11. Subsequent Event

On November 2, 2018, the Company entered into an amendment to its existing loan and security agreement governing the terms and conditions of its credit facility.

 

   

requires the Company to maintain availability of at least five percent (5%) of the borrowing base; and

 

   

waives compliance with the minimum interest coverage ratio and minimum loss reserve requirements for the measurement period ending August 31, 2018; and

 

   

modifies the minimum interest coverage ratio requirement to be 0.00 to 1.0 for the measurement period ending September 30, 2018, 0.80 to 1.00 for the measurement period ending October 31, 2018, and 1.0 to 1.0 for the measurement period ending November 30, 2018 and thereafter.

The interest coverage ratio is calculated as of each month end for the three-month period then ended as the ratio of (A) the Company’s adjusted net earnings plus interest expense and provision for income tax for the applicable period to (B) the Company’s interest expenses for such period. The minimum loss reserve amount is calculated as of each month for the tree-month period then ended as (A) four times the net charge-offs divided by (B) the net balances due under all contracts divided by three.

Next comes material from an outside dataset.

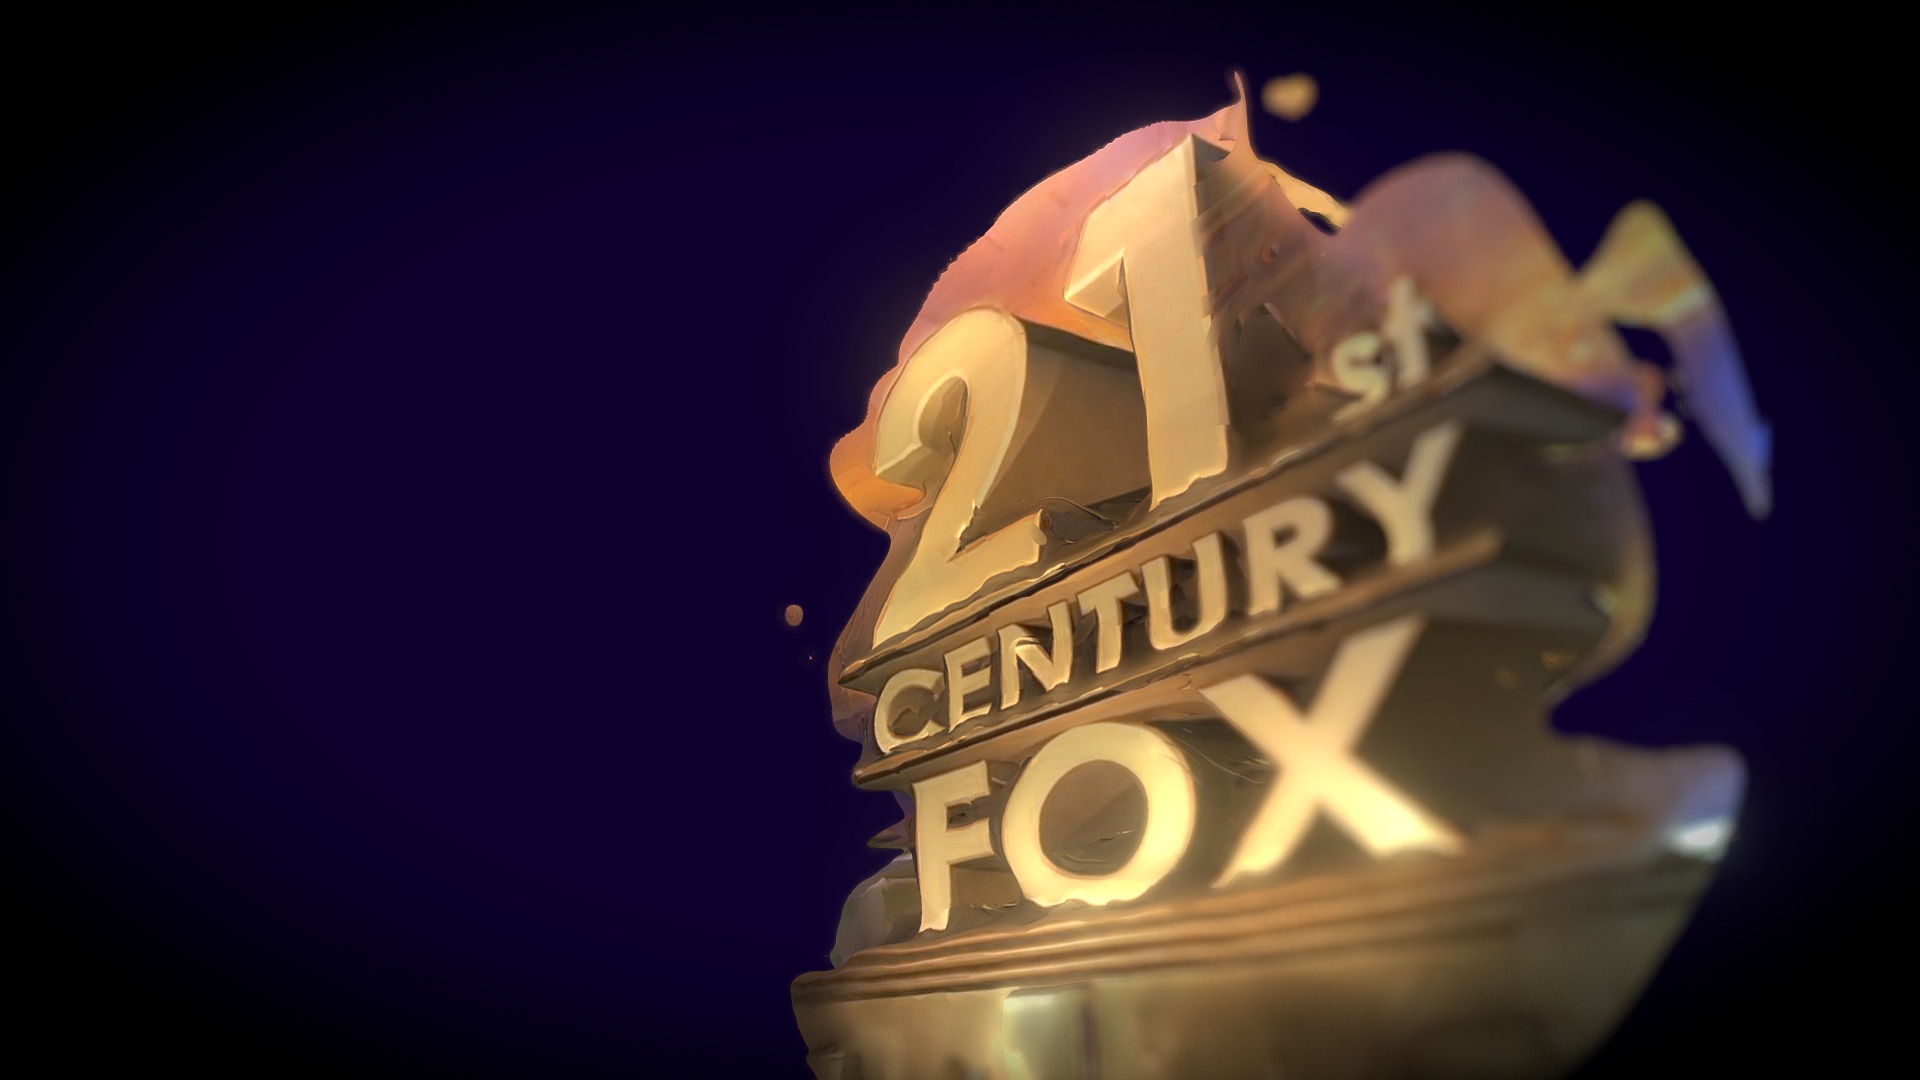 20th fox 3d. Century Fox 20th зажигалка. 20th Century Fox 1956. 20th Century Fox игрушки. 20th Century Fox Sketchfab 2009.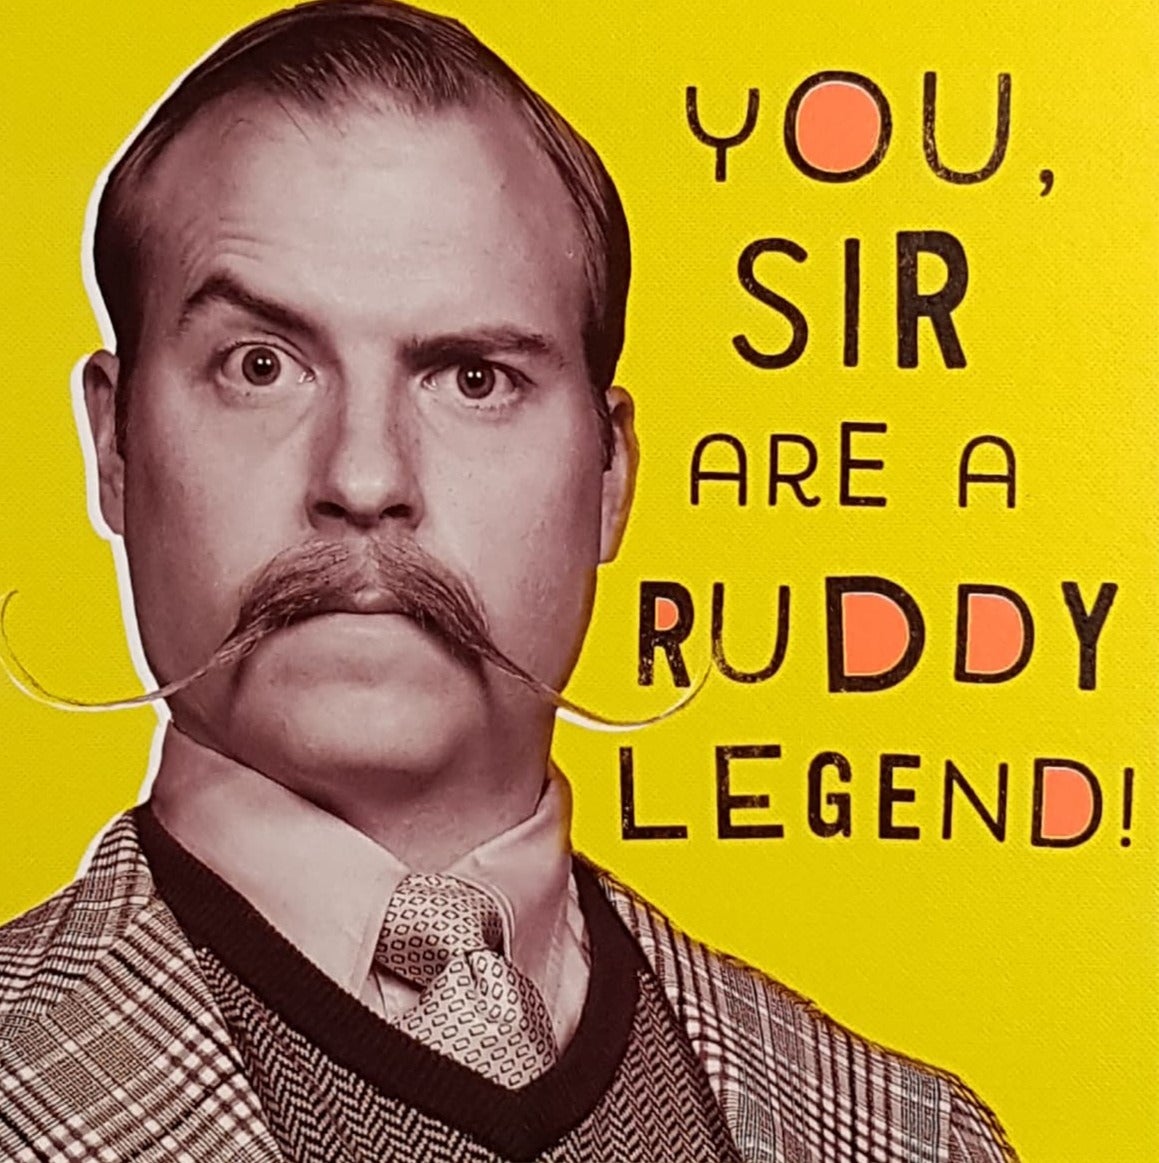 Birthday Card - General Humour / A Man With A Moustache Raising An Eyebrow

The interest rates for borrowings under the credit facility remain at base rate plus 3.0% or LIBOR plus 4.0%.

The Company’s obligations under the loan and security agreement are secured by substantially all of the operating assets of the Company. The loan and security agreement contains other events of default and requires the Company to comply with certain other financial ratios and covenants and to satisfy specified financial tests, including maintenance of asset quality and portfolio performance tests. Failure to meet any required financial ratios, covenants or financial tests could result in an event of default under the loan and security agreement. If an event of default occurs, the Company’s lenders could increase borrowing costs, restrict the Company’s ability to obtain additional borrowings under the facility, accelerate all amounts outstanding under the facility, or enforce their interest against collateral pledged under the facility.